One thing we know as gluten sensitives is that malabsorption of crucial nutrients is more than likely, and not just if you are coeliac and have flattened villi.
Auto Immune Damage to Stomach Parietal Cells
Gluten causes auto-immune damage. This auto-immune process can affect literally anywhere in the body. Two key areas it is known to affect are the parietal cells of the stomach, from which you produce your stomach acid and intrinsic factor, which you need to absorb B12, and the pancreas, where you produce your pancreatic enzymes and insulin.
Low stomach acid and low pancreatic enzymes means no breakdown of food which equals low nutrient levels and a buffet in your gut for bad bacteria and organisms. That’s why the stomach acid and enzyme factsheet is an important part of your Barrier Plan package.
B12 Deficiency Signs
Low intrinsic factor leads to a deficiency in B12. This then causes neurological problems like depression, numbness, tingling, migraine, fatigue, muscle pains/spasm and breathing difficulties (low red blood cells and consequent low oxygen), poor immunity (low white blood cells) and clotting disorders (low platelets).
The first main clues that should trigger a B12 check are chronic fatigue, depression and brain fog. Recognise it?! I think many do.
Here’s an interesting diagram from the GFS showing the pathway to some of the consequences of B12 deficiency:
Note there the changes to red and white blood cells and to platelets. I hadn’t realised this one and, funnily enough, I keep coming across it. Note B12 is needed for the production of your normal blood cells and platelets so could well be at the heart of blood cell changes in gluten sensitives.
The number of patients in whom extraintestinal symptoms reflect the initial manifestation is rising. Common symptoms are changes in blood counts, which can arise from changes in all cell lineages. Among these, iron deficiency anemia is very common, but also thrombocytosis and thrombocytopenia have been reported to manifest themselves within the framework of celiac disease.

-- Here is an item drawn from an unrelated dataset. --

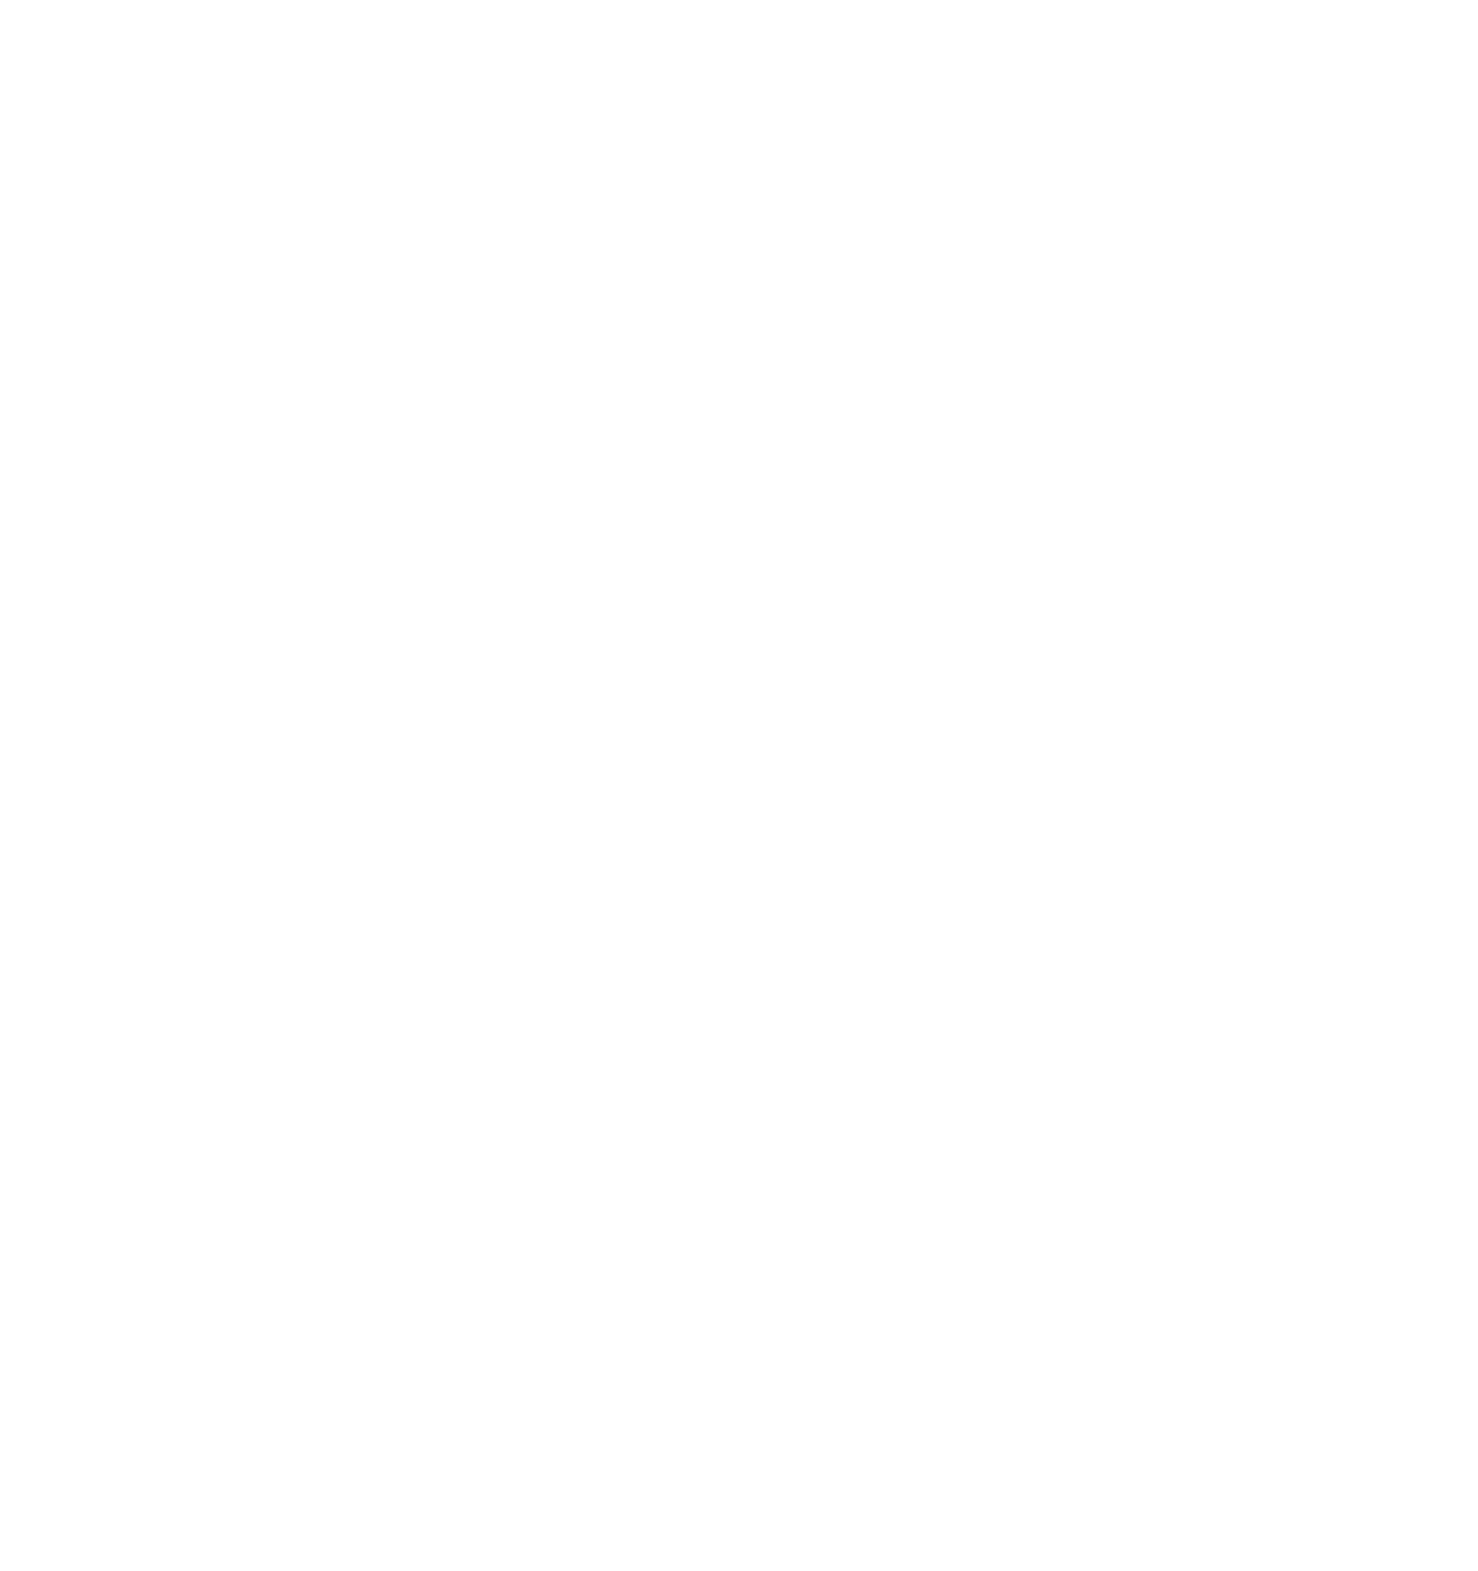 Marten Transport logo for dark backgrounds (transparent PNG)

Med Klin (Munich). 2010 Apr;105(4):249-52.
Another interesting point to make is the number of times I have seen high B12 on test results. I don’t really know what’s going on here but I do know that some coeliacs are found to have high B12 when you think it would be the opposite. This is believed to be down to some form of malabsorption or possible autoimmune problems with the liver in odd cases. My hunch is that it may look high but it’s not being used in the cells in some way. Do any of you know more about this than me, maybe? If so, please elucidate (ooh, big word for so late in the day!!)
Watch the B12 Video
I was pleased then to see Dr O at the GFS has produced a new video explaining all about B12 deficiency. (I shall have to make some of these myself as I have said the whole lot several times to patients and on here!) But, for now, he is doing it for me 🙂
Watch the 14 minute video and you will understand this process and pick up some useful tips. There are a couple of things to bear in mind, though, when you’re watching…
First, he recommends Spectracell testing for B12. I recommend a full anaemia test including active B12. You can see all nutrient tests here.
He mentions you can do methylmalonic acid (your GP can do this one) or a homocysteine check (extremely useful and a good indirect indication of a folate and/or B12 problem). You can do that one with fingerprick or blood.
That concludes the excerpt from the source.